### EXERCISE REQUIREMENTS
Ignoring the pictures, copy the data exactly.

### RAW DATA
——

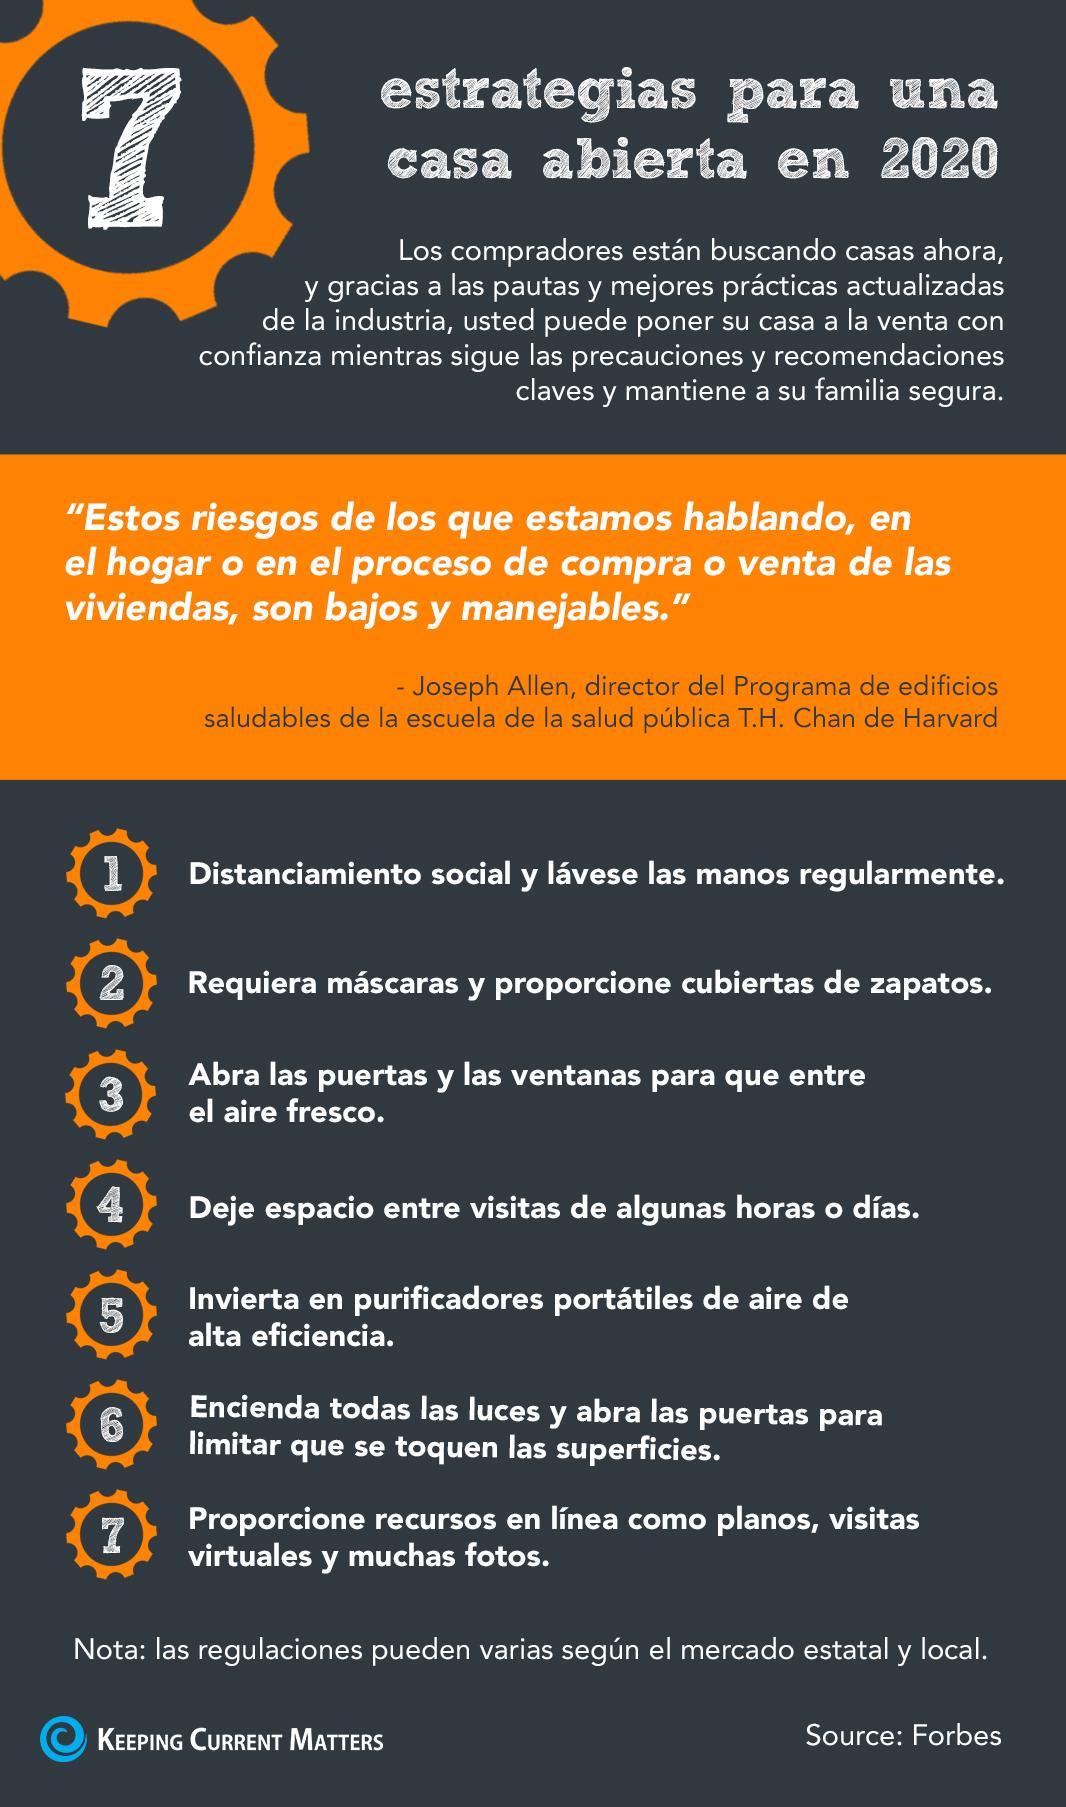 7 estrategias para una casa abierta en 2020 [Infografía] | Keeping Current Matters
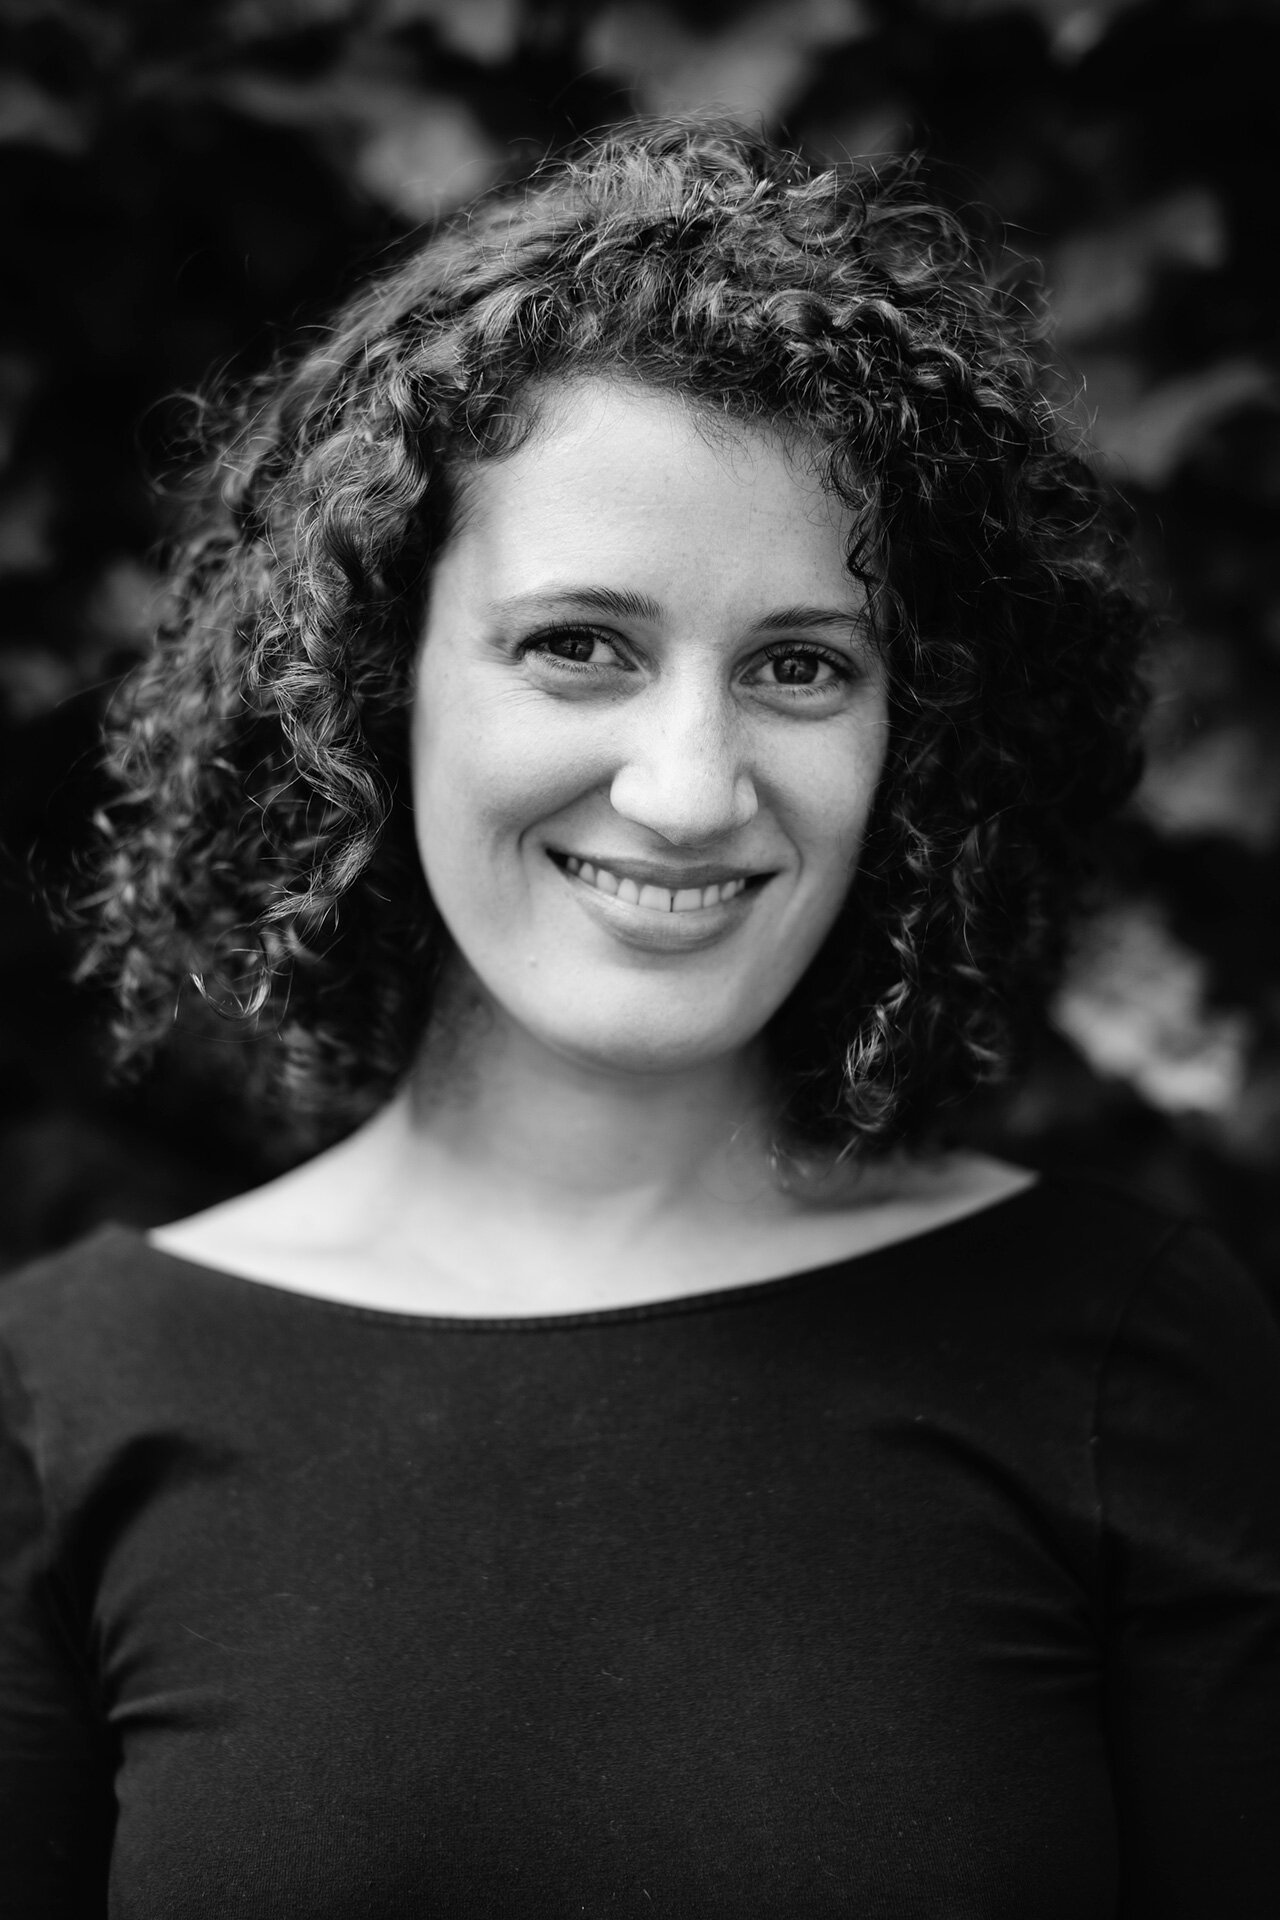 Chiara Vettoretti - Manager Produkt & Projektechiara@merconic.de
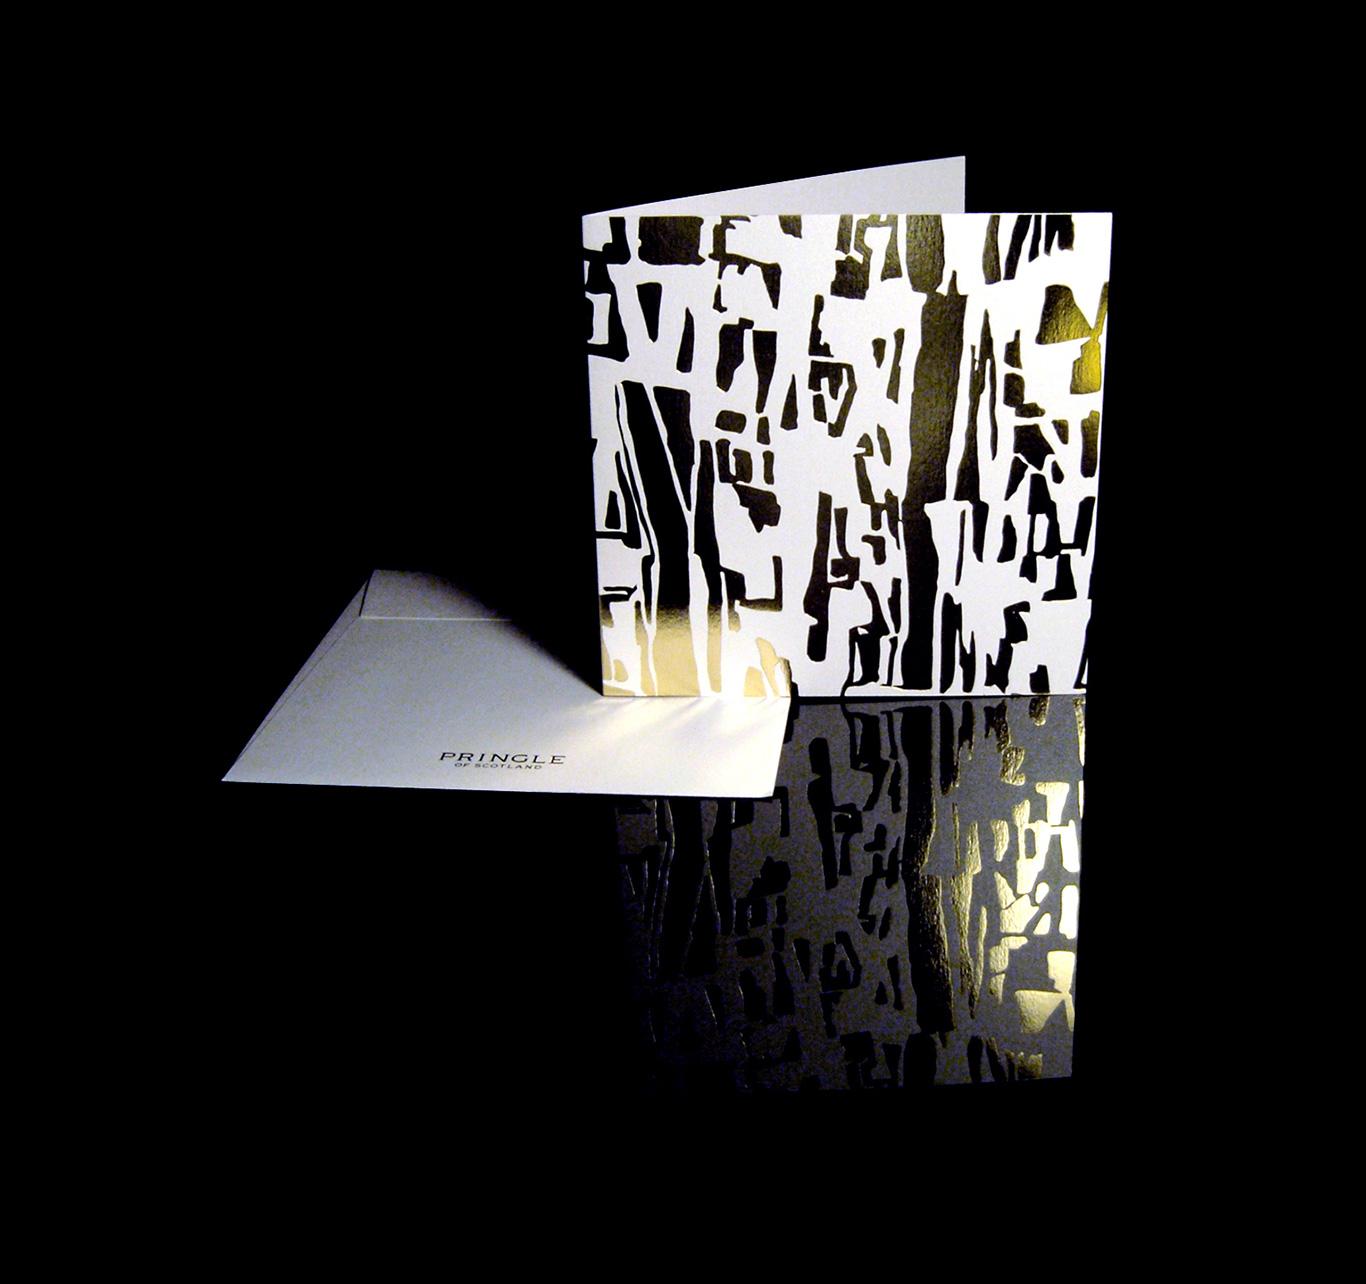 silvercard.jpg

——

### FINISHED EXERCISE
 7 estrategias para una casa abierta en 2020 [Infografía] | Keeping Current Matters
 Chiara Vettoretti - Manager Produkt & Projektechiara@merconic.de
 silvercard.jpg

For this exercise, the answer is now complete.